In January 1941 Arthur's Division moved to Romania. In early April 1941 the Division participated in the invasion of Greece. They assaulted through the Metaxa defence line in the direction of Olymp. Later they occupied the city Saloniki. On 21 July Arthur was granted a special leave for 21 days. Between September and December 1941 the Division fought against partizans in Yugoslavia. During this time, Arthur's Regiment participated in war-crimes. The Regiment was responseble for the execution of many jews and gypsies in the area. It is unknown to me if Arthur participated and what his role was.
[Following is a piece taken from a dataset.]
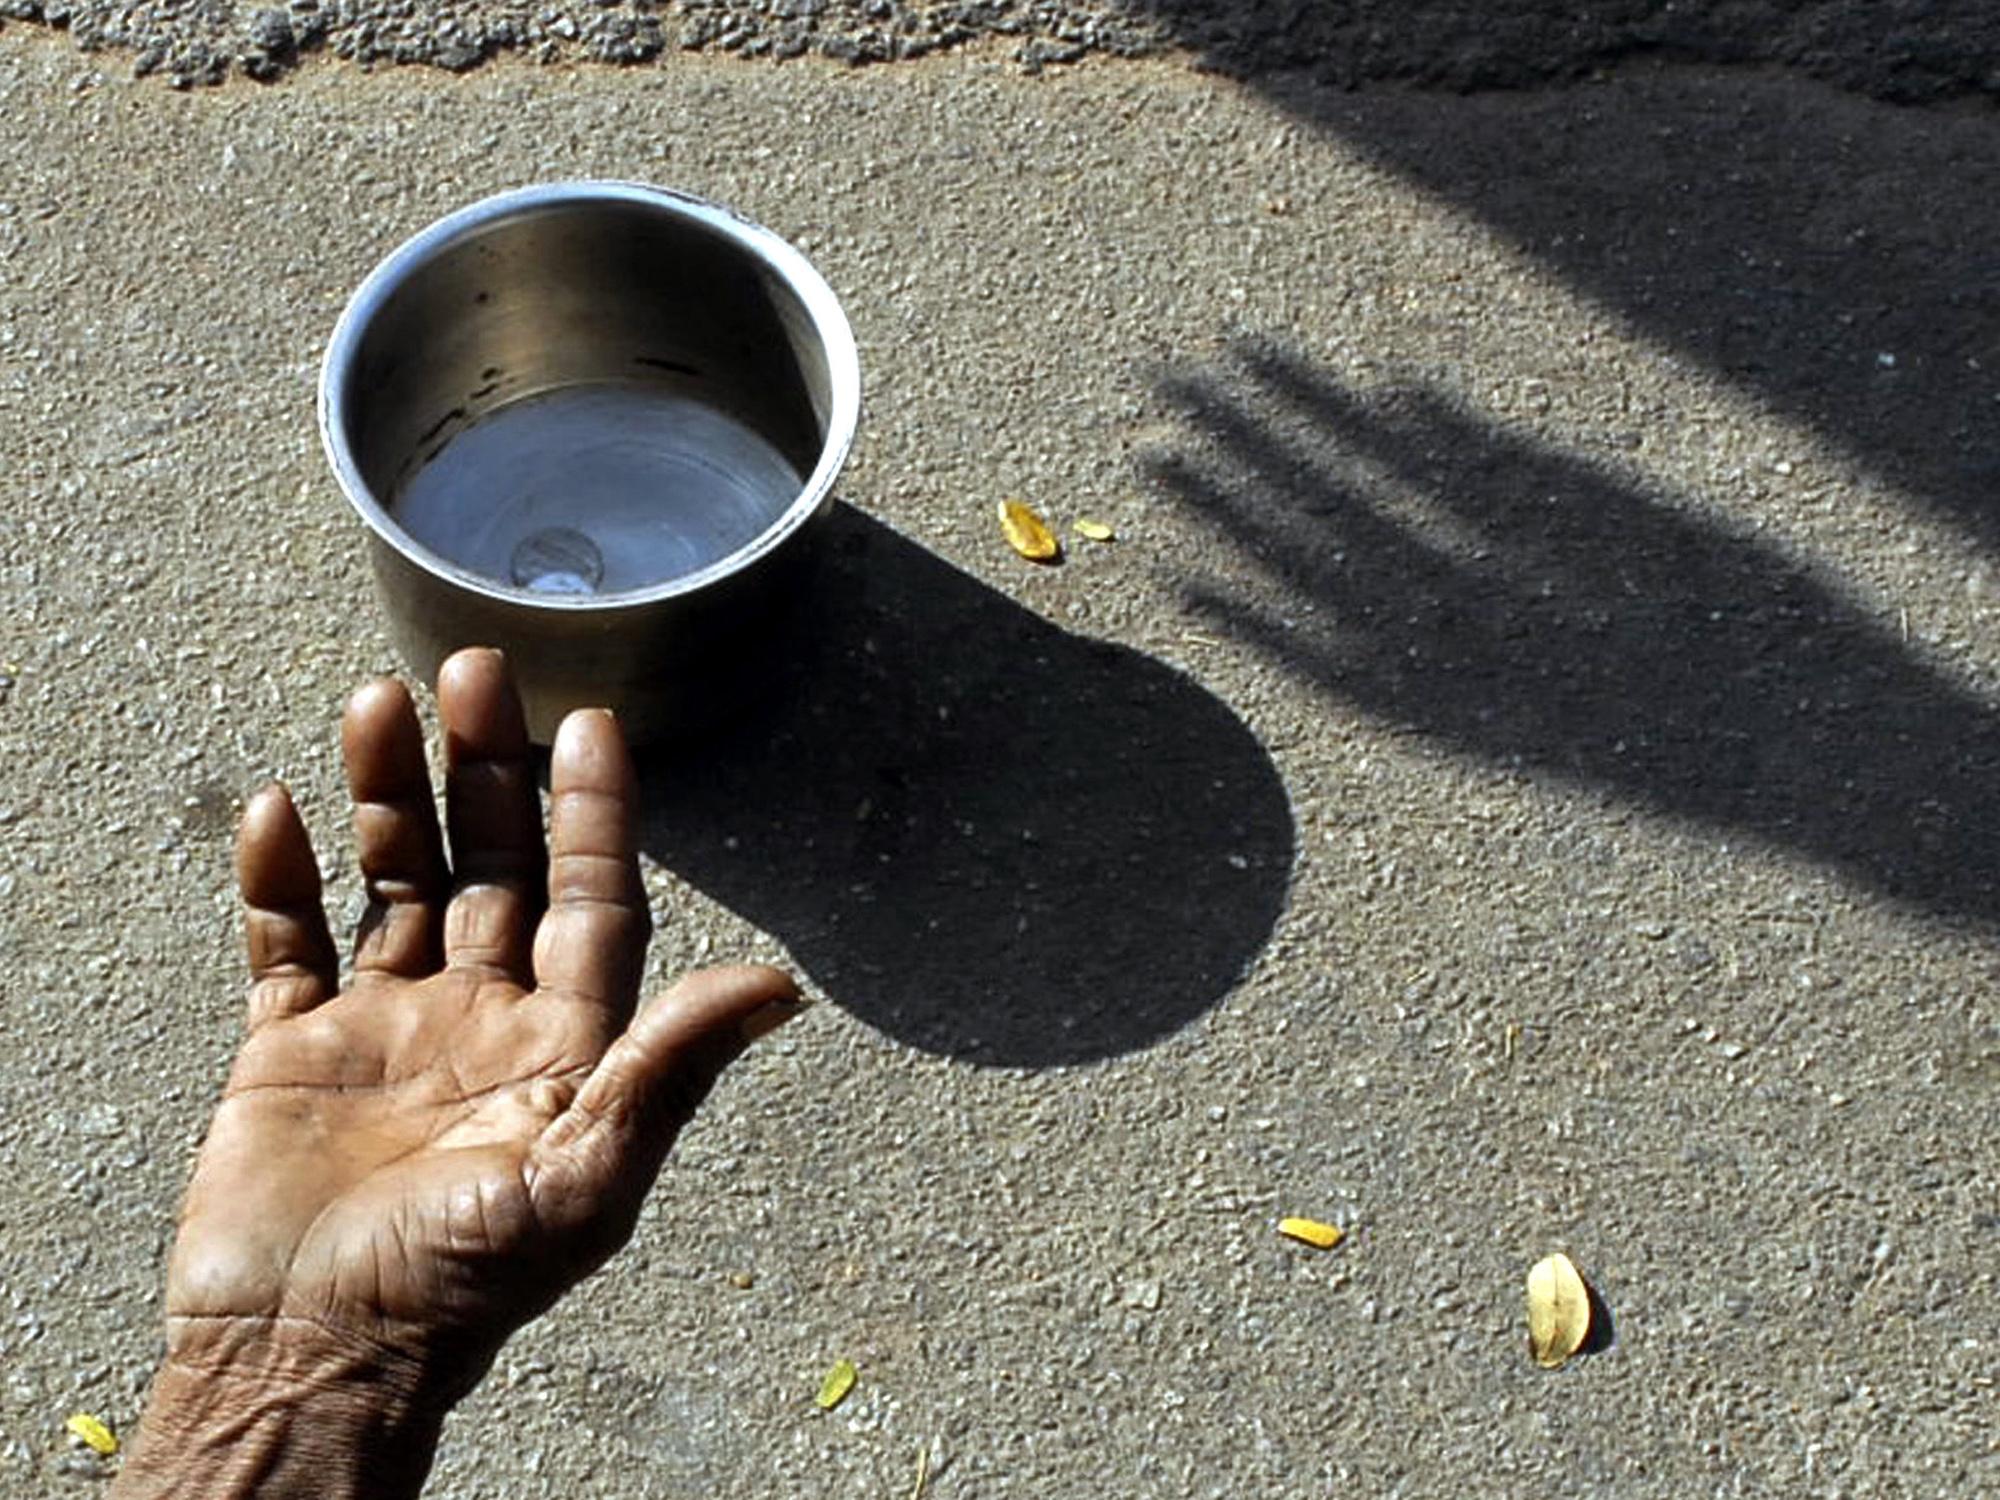 A beggar extends his hand for money at a street in the southern Indian city of Hyderabad

In late 1941 the Division was moved to the island Kreta and in January 1942 was renamed to Festungs-Division Kreta. Arthur was on leave from 16 till 30 December 1941, this was noted in his Soldbuch on 3 January 1942. A clerk also wrote down some equipment that Arthur had received from the army on page 6 and 7 of his Soldbuch. After a few month's the Division was split into a Festungs-Brigade Kreta and 164. leichte Afrika-Division. Arthur stayed in the 1st Kompanie of Infanterie-Regiment 433 and was part of the 164. leichte Afrika-Division. Arthur was the Kompanieführer (company leader) of his Kompanie. Arthur was on leave from 22 Mai till 15 June 1942.
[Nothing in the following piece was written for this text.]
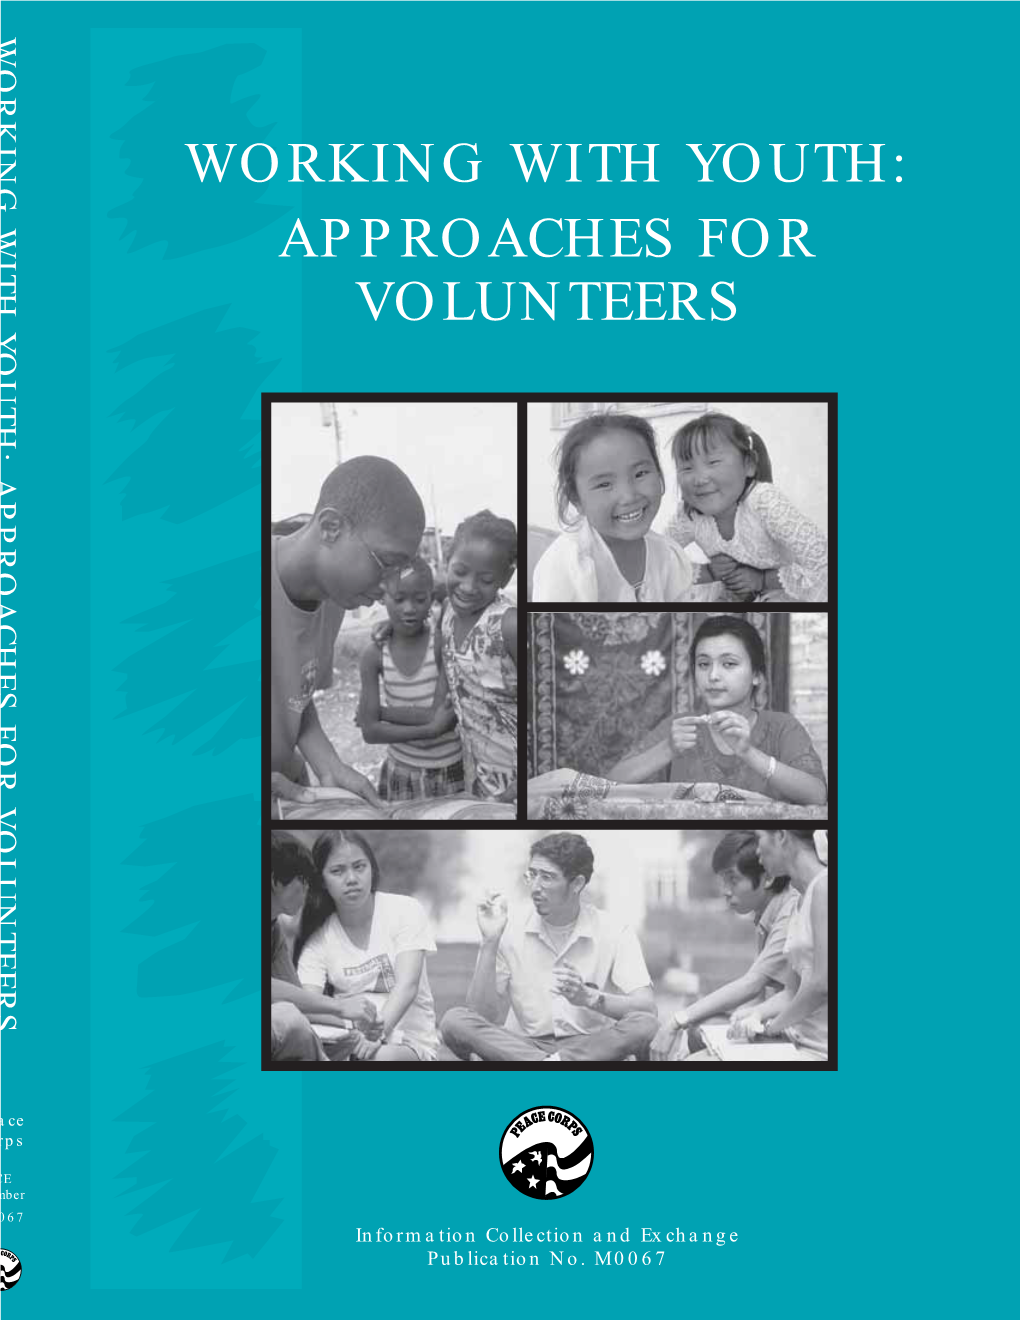 Working with Youth: Approaches for Volunteers

From 24 July till 27 July Arthur was hospitalized for “Bone and joint disorders” in Kriegslazarett 220. During this time Arthur was photographed with a girl in the Croatian city of Veleniki, at the coast. Maybe Kriegslazarett 220 was stationed in or near Veleniki? After recovering Arthur was send back to his unit. On 28 July 1942 Arthur received tropical clothing, including a tropical helmet. Arthur's Division was send to the "Deutsches Afrikakorps", fighting in Afrika under command of Field Marshal Rommel. Arthur arrived on Afrikan soil on 30 July 1942. After the Division was complete, it went to Tobruk.

From the resently captured city Tobruk the Division went in the direction of the Egyptian border via Sollum and Marsa Matruk. Arthur received 2 days of Marschverpflegung (marching rations) from Raststelle Tobruk. In September his Regiment changed into a Panzergrenadier Regiment.
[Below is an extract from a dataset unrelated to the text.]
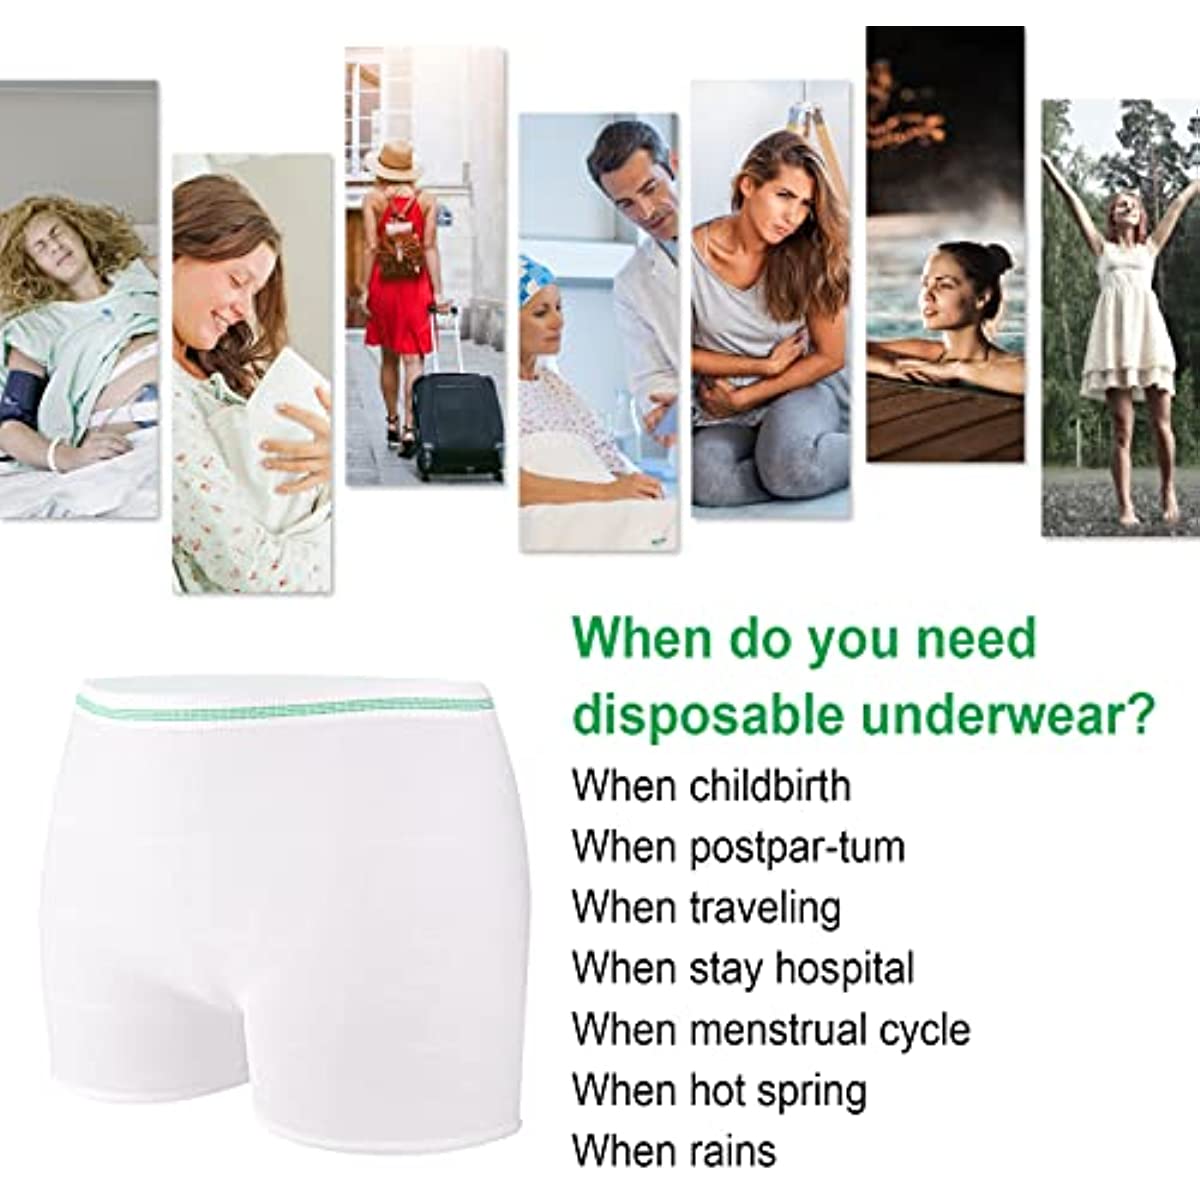 carer_live has the perfect mesh underwear for postpartum! They also h

In the period of August till November the Division participated in the battles for El Alamein, were it suffered heavy losses. On 14 Oktober 1942 a batch of "Afrikakorps" cufftitles arrived at the Division. Not enough for every soldier, therefore they were handed out to the officers and senior NCO's first. After receiving one, the soldier had to apply it to his uniform right away.

After the German attacks had died down, the British army made a counter-attack on 23 Oktober. The German units, including Arthur's, were able to hold their ground, at a high cost. But after a few days of hard fighting the British army broke through the defences and the German forces had to retreat. The British army was able to give the German Afrikakorps a big hit. It was the turning point for the African campaign in favor of the Allied forces.

Arthur died on 26 Oktober 1942 when his unit tried to regain a hill near El Alamein that was earlier captured by the British army. Arthur is burried at the El Alamein memorial.

Part of the Division's casualty list of officers on 25 and 26 Oktober 1942

This Soldbuch was found in a house in England a few years ago. This together with the fact that nothing of his death was written in the Soldbuch (which was normal) and some photo's and a letter were still in the back of the Soldbuch, it looks like this soldbuch was taken from Arthur´s body by a (British) soldier as souvenir. But i cannot be 100% sure of this.